– Уж это как пить дать! Да и глаза выколют, пожалуй. Ну, уши-то без разговоров отхватят. Пальцы по одному...
– Нет, нет, замолчи! Не хочу ничего слышать, – взвыл Онибабо.
– Поздно, – трагичным тоном сказал Вадим. – Слушай же! Я, рядовой ОАТ Вадим Косинцев, и мой соратник, рядовой ОАТ Ирвин Чьянгугу, находимся здесь, на берегу реки Касуку...
Онибабо, крича: "Прекрати! Прекрати!", отскочил назад и заткнул уши руками.
– Хорошо бы совсем удрал, – прошептал Ирвин.
Однако столь счастливое событие не значилось в программе этого вечера. Через считанные мгновения ефрейтор опомнился. Более того, нашел элегантный выход из щекотливой ситуации. Он выудил из кармана замурзанный носовой платок, с помощью зубов разодрал его надвое и вставил половинки в уши. Затем вновь навел на друзей пистолет и преувеличенно громким голосом сообщил:
– Я буду сопровождать вас до штаба великого командарма. Во-первых, мне известен короткий путь. Во-вторых, под охраной вам будет спокойней. В-третьих, жалование капрала в полтора раза выше, чем у ефрейтора. Быстро собирайтесь!
Ирвин начал одеваться.
– Находчивый сукин сын, – огорченно буркнул Вадим, шнуруя ботинки. – Но если мы бросимся от него в разные стороны, то наверняка сумеем удрать. Хотя бы один сумеет. Давай, брат, на счет три. Сейчас, только шнурок заправлю. Раз...
– Подожди! – нервно прервал его Ирвин. – Что значит "хотя бы один"? А вдруг это окажусь не я? Тем более ты одет и обут, а я нет. Не побегу я по этим поганым кустам босиком и с голым торсом, они колючие! И змеи ползают! Короче, я не готов отвлекать на себя внимание придурка с пистолетом, пока кто-то там спасает свою шкуру.
– Почему кто-то? Ведь это буду я, твой командир и друг.
– Раз друг, так сам и отвлекай. А я спасусь. Расскажу полковнику Велтенбранду, как ты героически погиб, и тебя наградят посмертно. На могилу цветы стану носить. Девушке твоей сообщу про нашу боевую дружбу и про твои последние минуты жизни. А может, и в гости съезжу, когда отпуск дадут, утешу чем смогу. Как ее зовут, вроде Эльза? Она блондинка, надеюсь?
Вадим с презрением посмотрел на двуличного американца. Тот между тем нахлобучил на череп дурацкую каску и скорчил рожу, невинней которой трудно было представить. Лицемер чертов.
Косинцев сплюнул сквозь зубы и процедил:
– Теперь понятно, почему во Второй Мировой мы еле дождались от вас открытия второго фронта.

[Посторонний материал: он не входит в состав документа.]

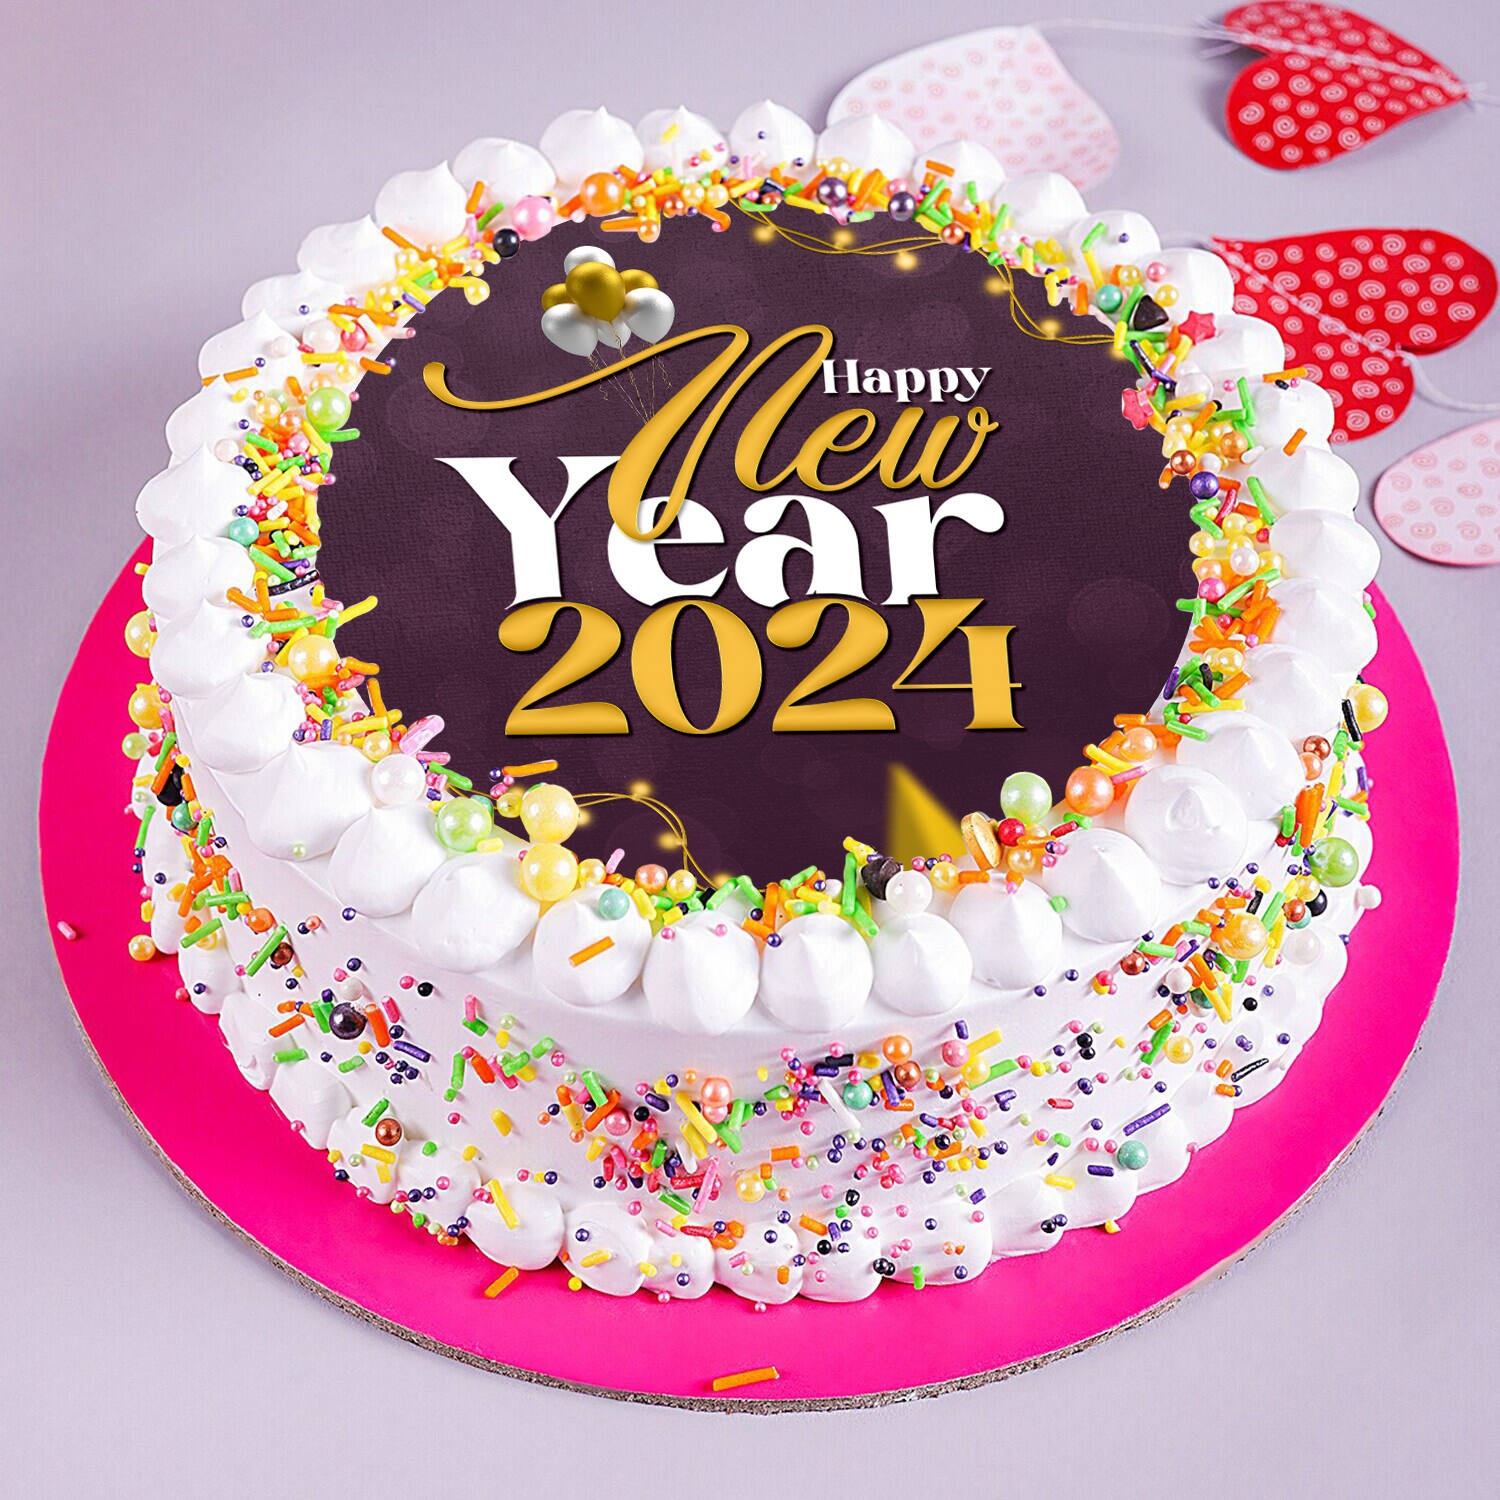 Home – Best Customized Cakes in Gurgaon & Delhi NCR

– О чем ты, чувак? Какой второй фронт? Да вы вообще в той войне не участвовали! Америка в одиночку разгромила полчища нацистов и узкоглазых. Мне прадед рассказывал, он под Сталинградом воевал! Ну, англичане немного помогали.
– Охренел, солдат? Ладно, проехали. Тем более, помнится, чернокожих тогда в боевые части не брали. И правильно делали. – Вадим нахмурился, подпустил в голос металла: – В таком случае, рядовой Хэмпстед, слушай команду. Раз побег не удался, по прибытии в расположение ОАТ приказываю тебе убить Мвимба-Хонго.

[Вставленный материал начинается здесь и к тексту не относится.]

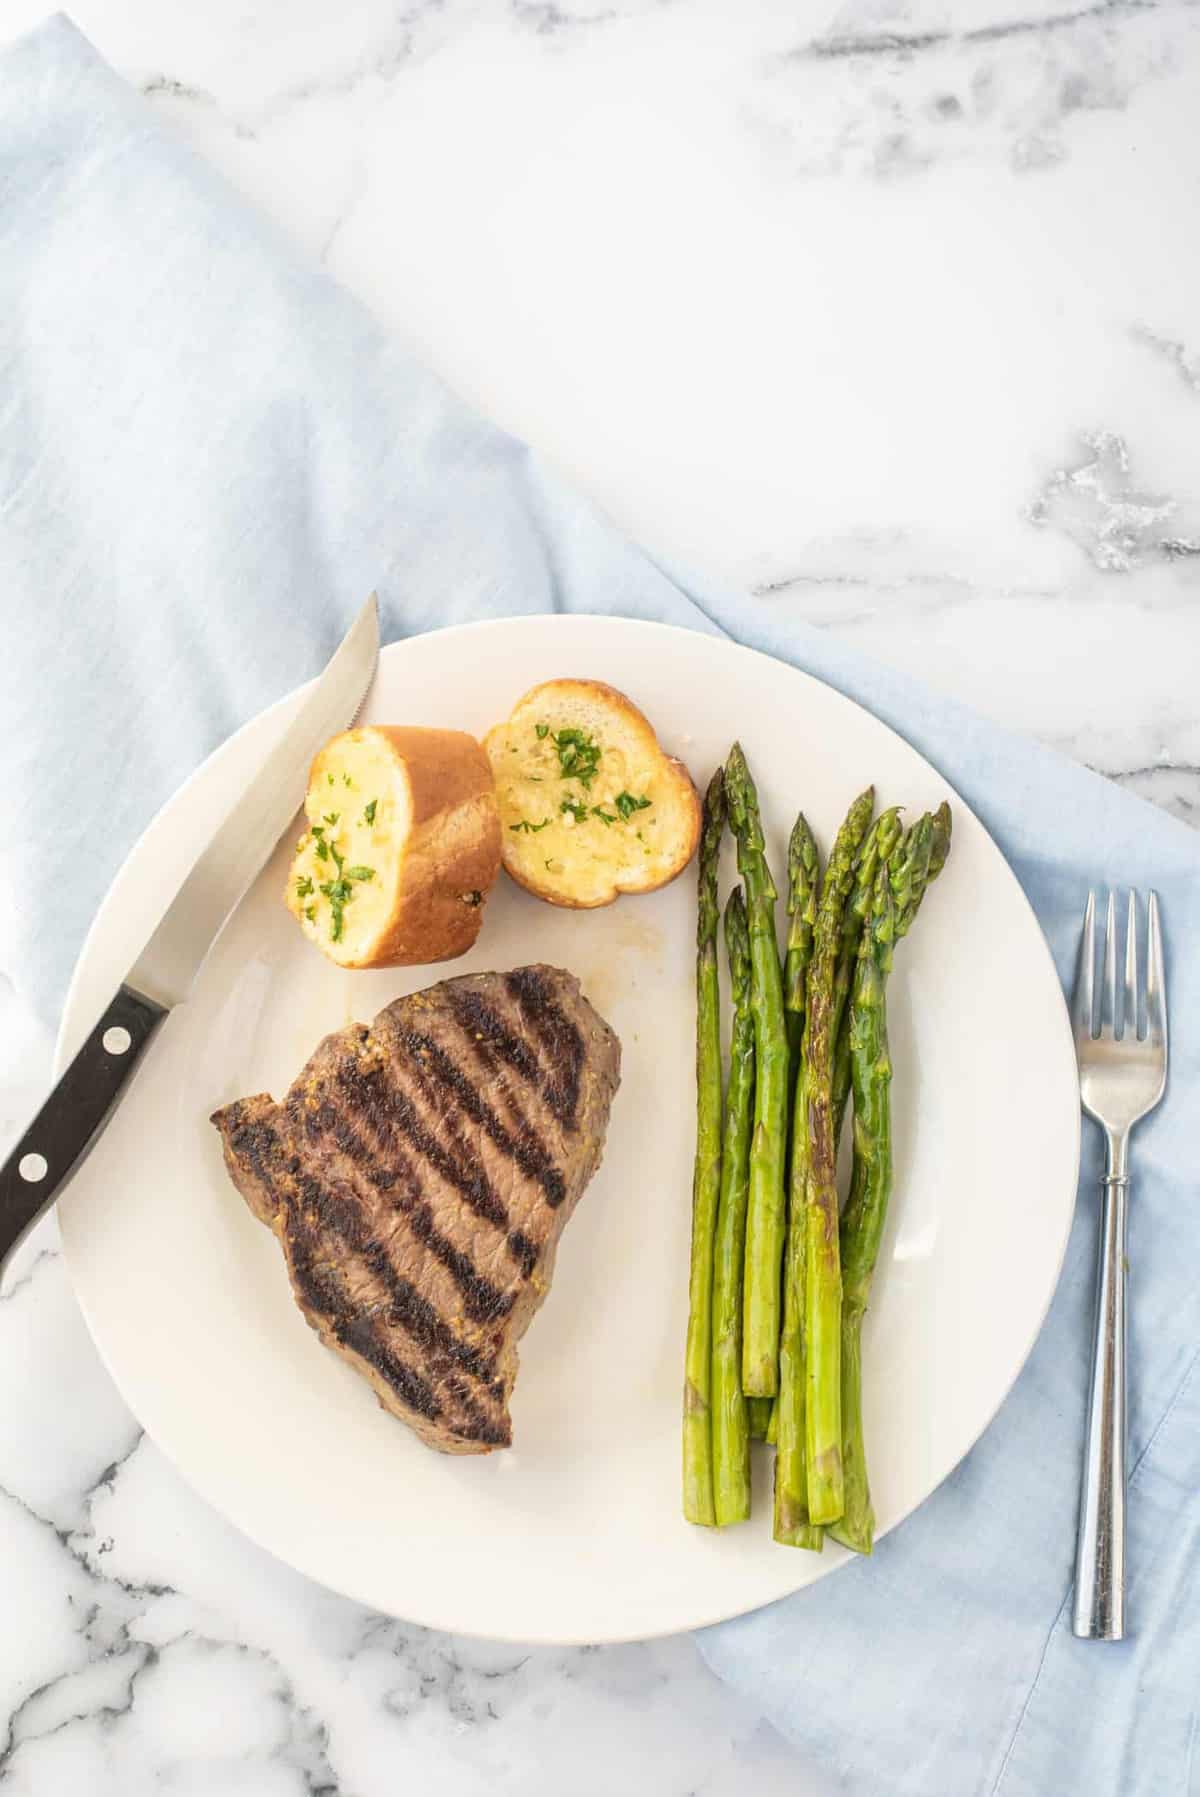 A grilled steak with a side of asparagus on a white plate.

– Чувак, да ты спятил! – испугался Ирвин. – Как я это сделаю? У него телохранители. Да и остальные таха... Меня же в клочки разорвут. Ты забыл о волшебной метке на моей шкуре? Да меня за одну секунду прирежут, чувак.
Сохраняя каменное выражение лица, Вадим пожал плечами.
– Не "чувак", а "господин сержант" и "сэр". Это первое. Приказ отдан, солдат. Это второе. За невыполнение боевой задачи трибунал – это последнее.
– Да забей его себе в очко, этот гребаный трибунал! Не страшнее смерти!
– Сэр, – сухо напомнил Косинцев.
– Шкура сержантская, сэр, мать твою! – окончательно распсиховался американец. – Asshole! А я его другом считал...
– Я тебя тоже.
Оба набычились и стали смотреть подчеркнуто в разные стороны. От этого увлекательного занятия их оторвал пронзительный окрик ефрейтора Онибабо. Бывший капитан, размахивая оружием, велел безотлагательно двигаться вверх по реке.
– Ориентир номер один – костер. Около него остановитесь.
Сохраняя сердитое молчание, диверсанты побрели к еле теплящемуся ориентиру номер один.
* * *
На песке возле костра лежала кучка сухих веток, было разбросано множество мелких косточек вроде рыбьих и останки беспозвоночных. Надкрылья жуков, головки личинок и давленые черви.
Одуряюще пахло жареным мясом. Чуть в стороне, на расстеленных широких листьях лопуха лежали длинные прутики с нанизанными на них змеями. Змеи были мелкие, видимо подростки. От этих пресмыкающихся и распространялся дивный шашлычный дух. Из разрезов в длинных телах торчали освобожденные от жестких панцирей жуки, жирные личинки без голов и аппетитно подрумяненные червяки.
– Хухум-ржа?! – дружно выдохнули диверсанты. После чего переглянулись, поморщили носы и вновь сделали вид, что незнакомы.
– Хухум-ржа, – распевно промурлыкал Онибабо, невольно отвечая на вопрос, которого даже не слышал. Так мурлычут мамочки над любимыми чадами, механики над своими машинами и гурманы над деликатесами.
В слабых отсветах огня стало видно, что его губы, руки и даже пистолет обильно вымазаны жиром. Очевидно, ефрейтор во время дневной разведки наткнулся на гнездовье хухум. Удержаться от того, чтобы приготовить на костре вожделенное для всякого истинного таха блюдо, было выше его сил. Желание набить утробу змеиным мясом с добавлением ползающих и летающих специй перевесило даже чувство долга перед народом и великим командармом. Впрочем, в отличие от беспечных диверсантов, осторожности и наблюдательности Онибабо не утратил даже за пиршеством. Ведь это он сообразил подкрасться и арестовать предателей, а не наоборот.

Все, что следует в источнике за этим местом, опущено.